15. Kapitel

 

Ich glaube, ich habe was an den Ohren – was hat Martin da gerade gesagt? Mein Tim Lievers und meine Reeperbahnjungs? Ich muss Wahnvorstellungen haben, und zwar im Endstadium! Eine andere Erklärung gibt es nicht, das müssen Halluzinationen sein.

Dafür sind sie allerdings extrem realistisch, denn kaum hat Martin die Band angekündigt, da kommen die Reeperbahnjungs schon auf die Bühne. Tim hat seine Gitarre um den Hals gehängt, die anderen tragen ebenfalls Instrumente. Bis auf den Drummer Sven, der reißt mit Schwung das weiße Bettlaken, das bisher etwas auf der Bühne verdeckt hatte und unter dem ich die Chippendales oder eine andere Überraschung vermutet hatte, runter – ein Schlagzeug kommt zum Vorschein. Während ich mit Hilde und Jenny in der Küche war, müssen sie das hier in Windeseile aufgebaut haben.

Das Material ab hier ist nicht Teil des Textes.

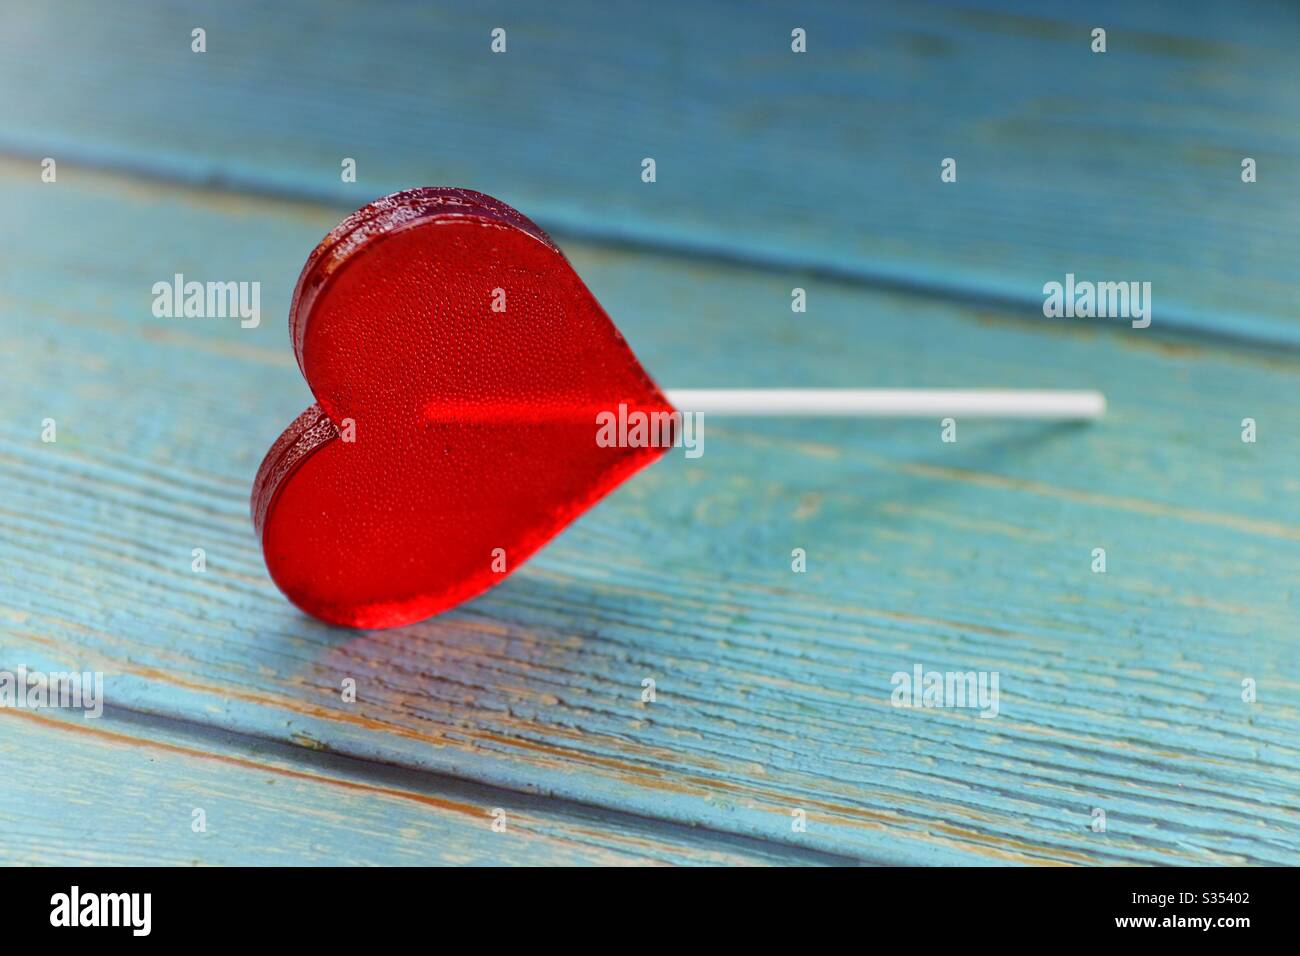 Rouge coeur lollipop sur table en bois bleu Banque D'Images

Es kommt mir vor, als wäre ich in einem wirklich schlechten Traum, als die Band mit dem ersten Song beginnt. 20 000 Mann, das hat Tim noch vor wenigen Tagen im Atlantic performed. Und ich muss sagen, dass mir sein Auftritt bei Kino trifft Pop wesentlich besser gefallen hat. Nicht weil er jetzt schlecht singen würde oder so, aber mit Herzrasen, Ohrensausen und klitschnassen Händen bin ich in meiner Genussfähigkeit doch sehr beeinträchtigt. Meine Kollegen hingegen wippen begeistert mit, David Dressler steht direkt vor der Bühne und sieht nahezu euphorisch aus.

20.000 Mann (00:30)

Audio: 20.000 Mann (00:30)

 

Ich rechne damit, dass ich jeden Moment umkippen werde, meine Knie zittern schon leicht, und ich schaffe es gerade noch, nach der Lehne eines Stuhls zu greifen, der neben dem Büfett steht, um mich abzustützen.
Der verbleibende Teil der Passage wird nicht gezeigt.